# [INSTRUCTIONS TO FOLLOW]
Restate every line of the data word for word, except for the images.

# [SUPPLIED MATERIAL]
--

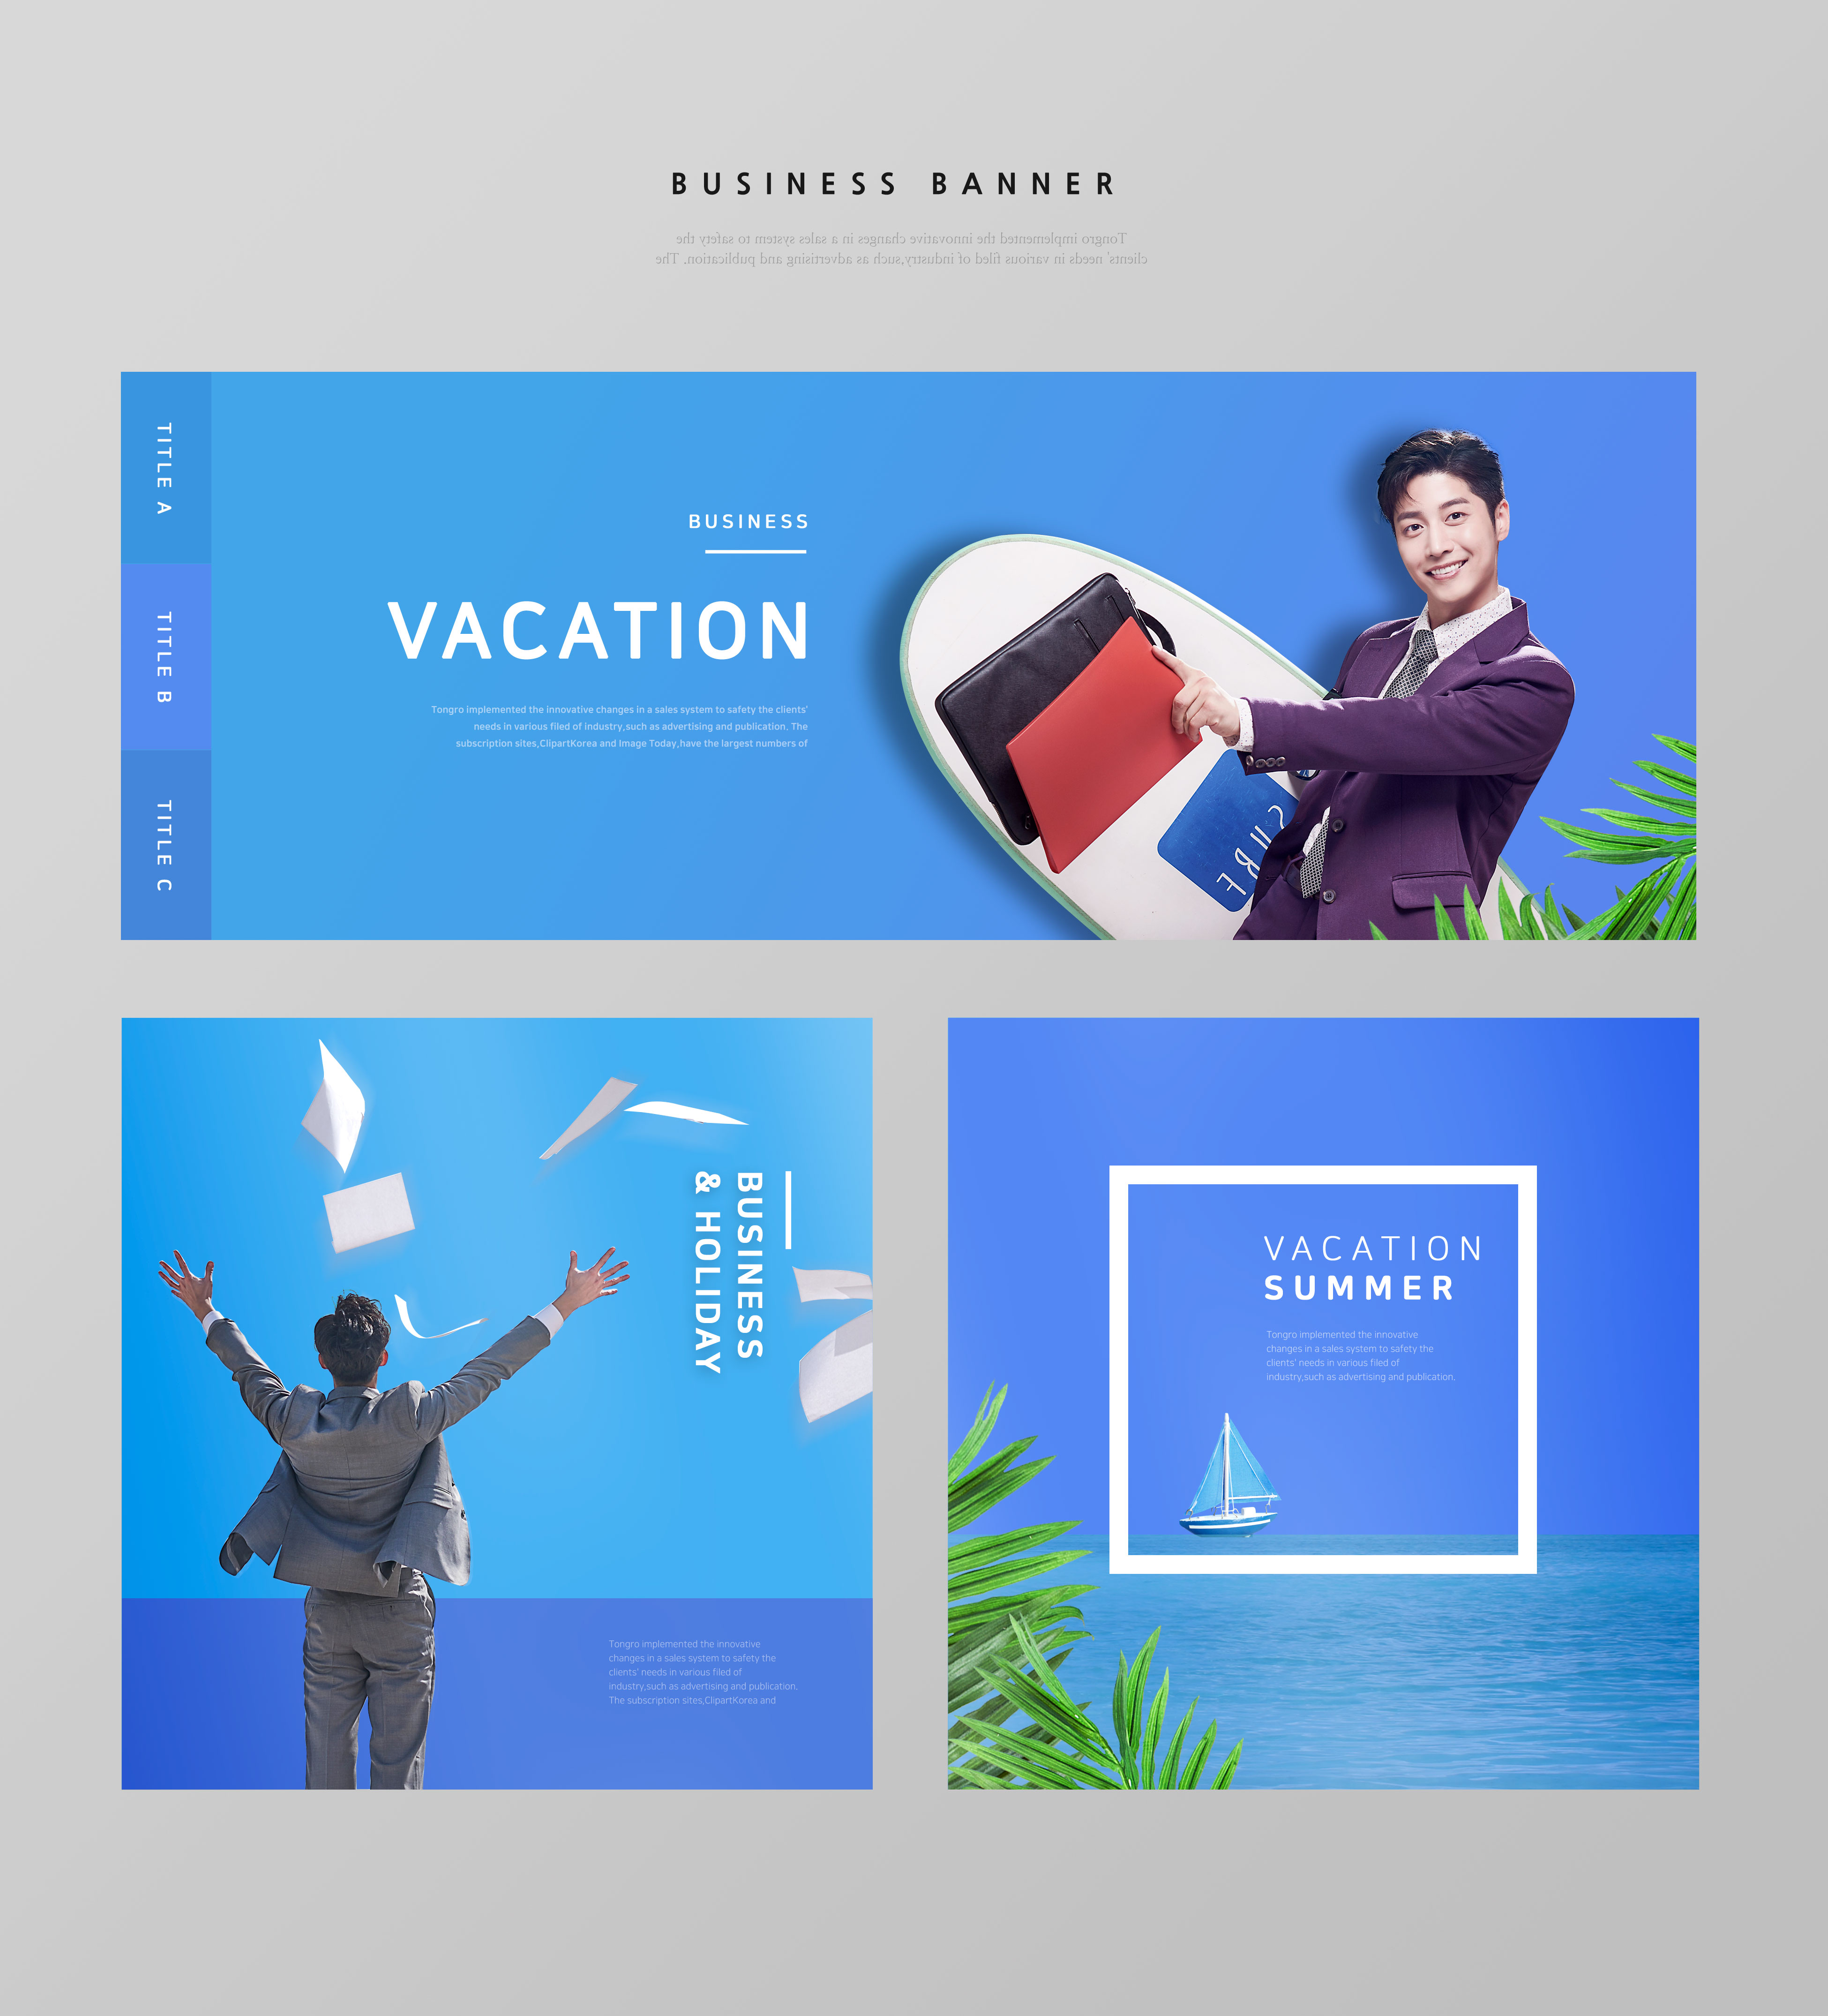 夏季暑假旅行蓝色主题Banner设计模板插图
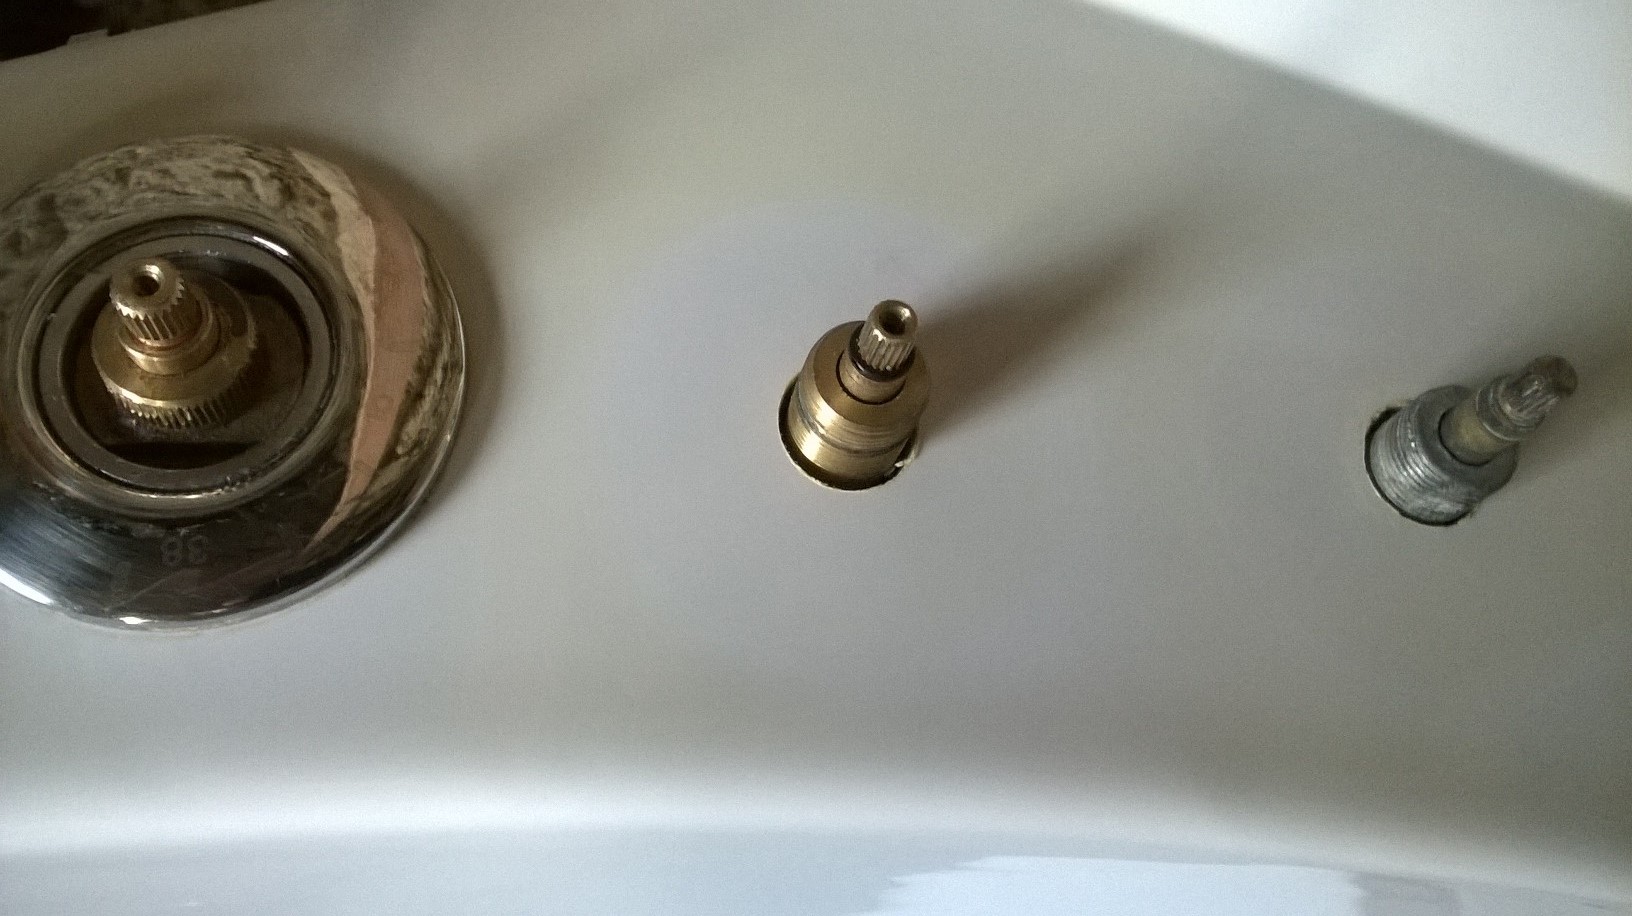 Bricolage - Comment débloquer un robinet thermostatique de
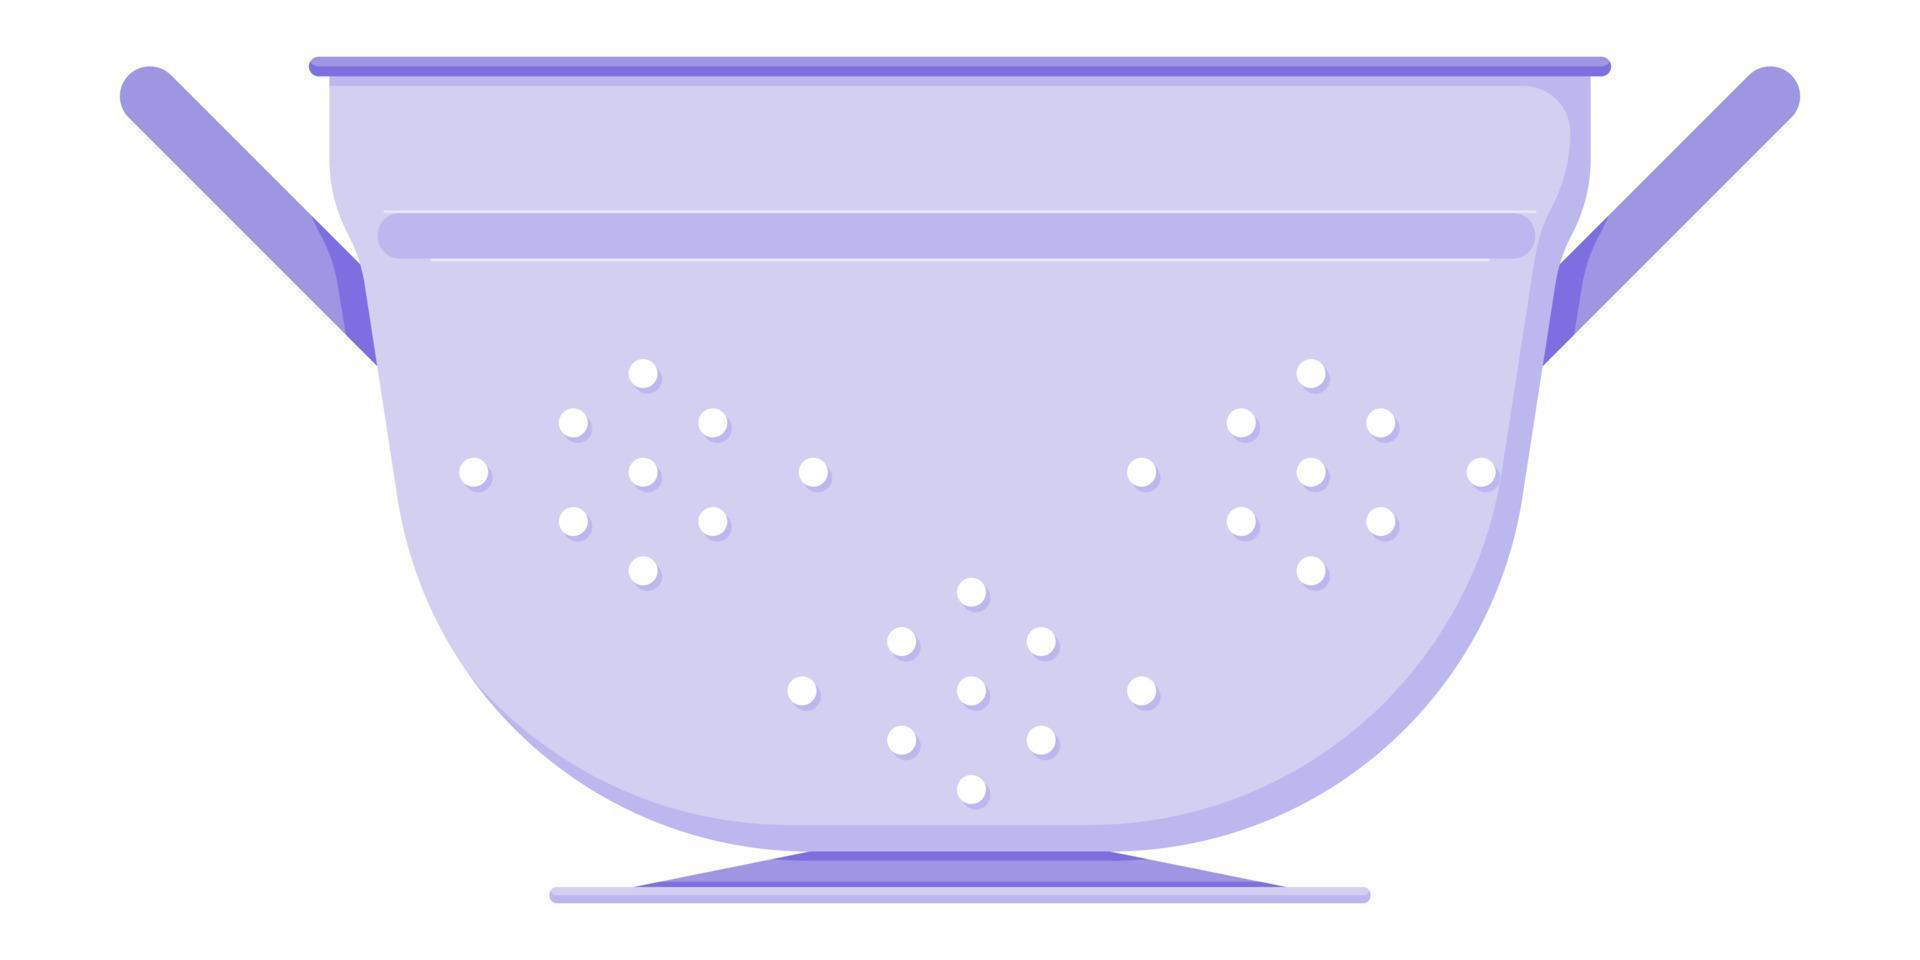 Paars vergiet met handvatten voor het aftappen van vloeistof uit een pan in een vlakke stijl geïsoleerd op een witte achtergrond vector
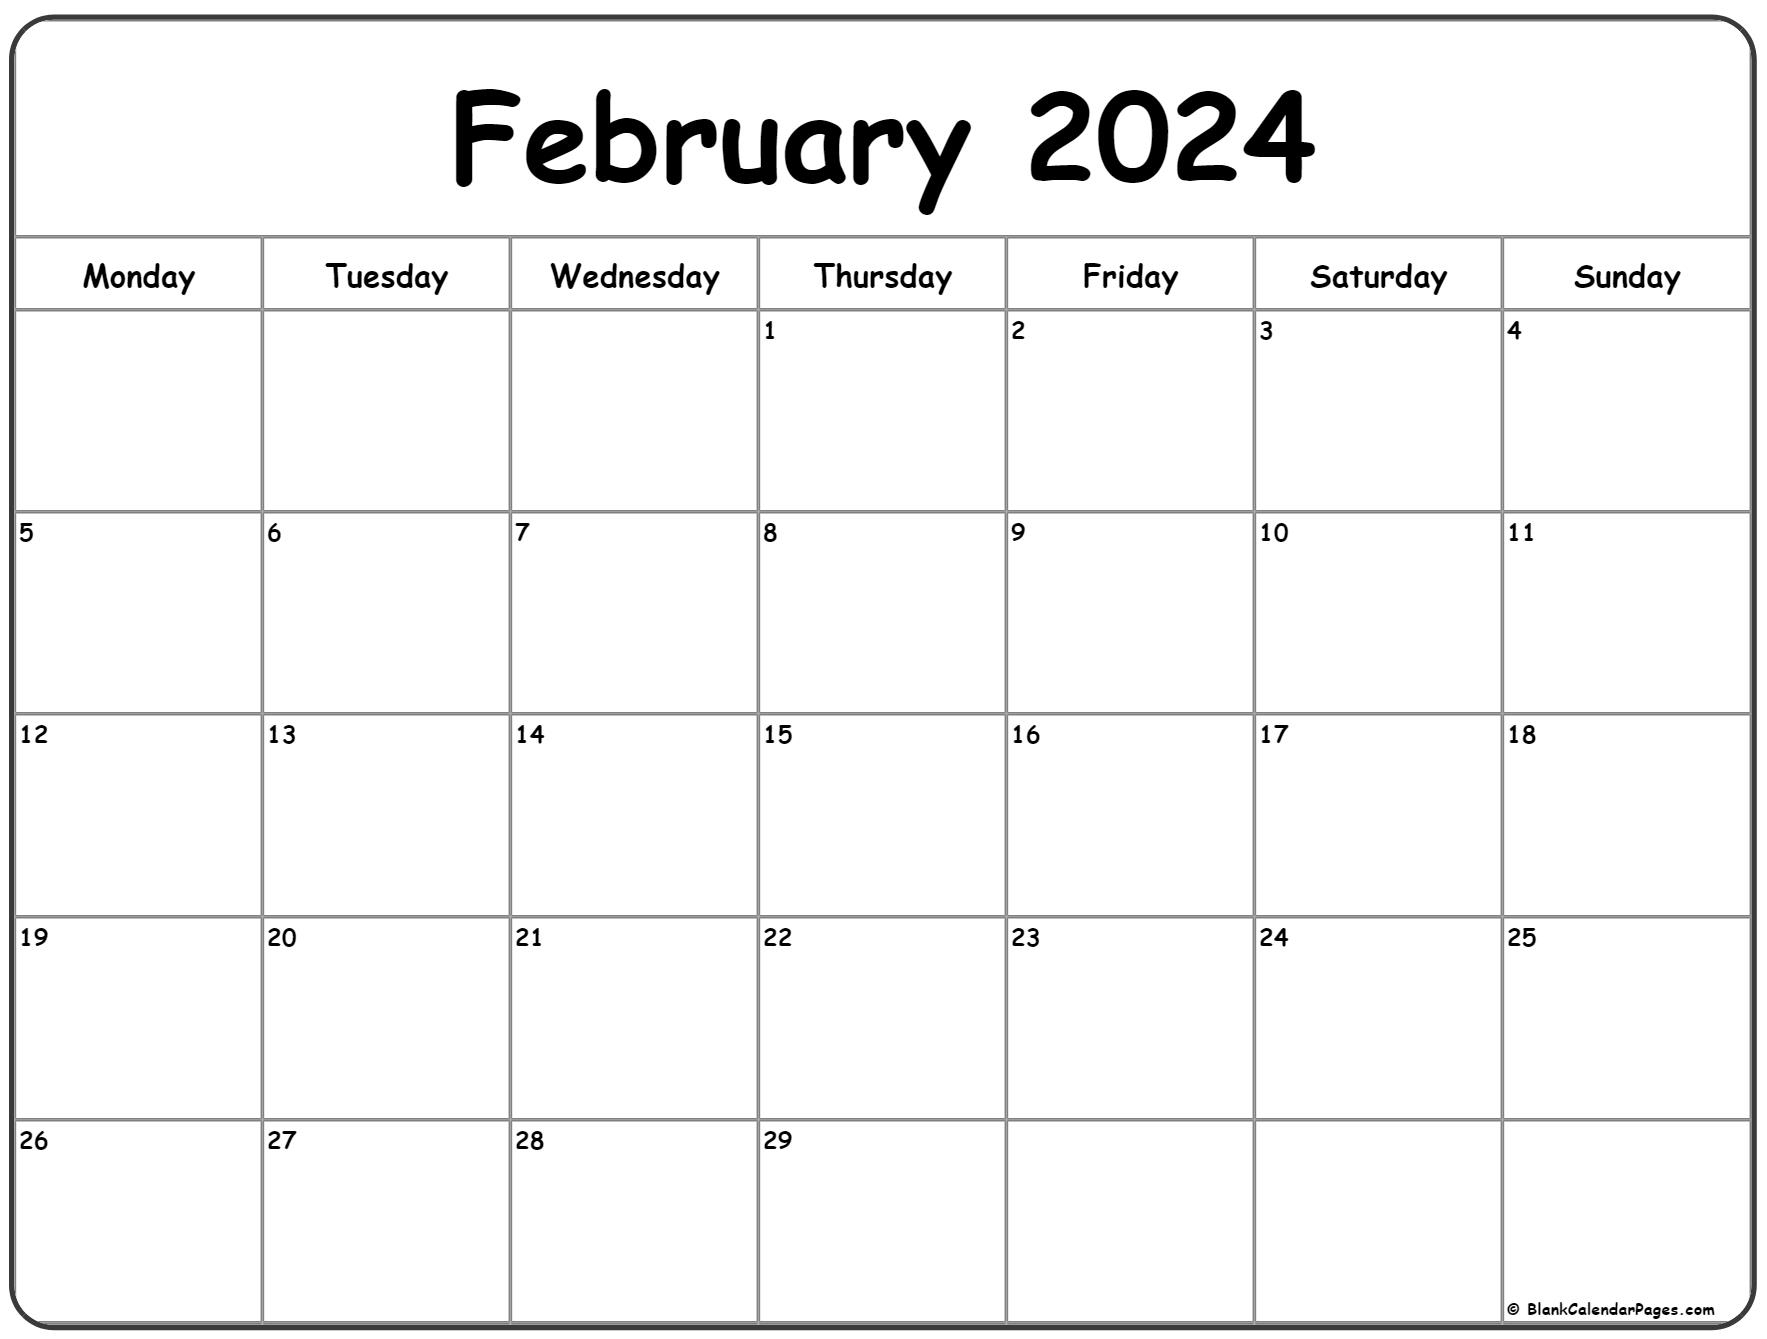 February 2024 Monday Calendar | Monday To Sunday for Calendar February 2024 Printable

--

# [OUTPUT OF THE EXERCISE]
 夏季暑假旅行蓝色主题Banner设计模板插图
 Bricolage - Comment débloquer un robinet thermostatique de
 Paars vergiet met handvatten voor het aftappen van vloeistof uit een pan in een vlakke stijl geïsoleerd op een witte achtergrond vector
 February 2024 Monday Calendar | Monday To Sunday for Calendar February 2024 Printable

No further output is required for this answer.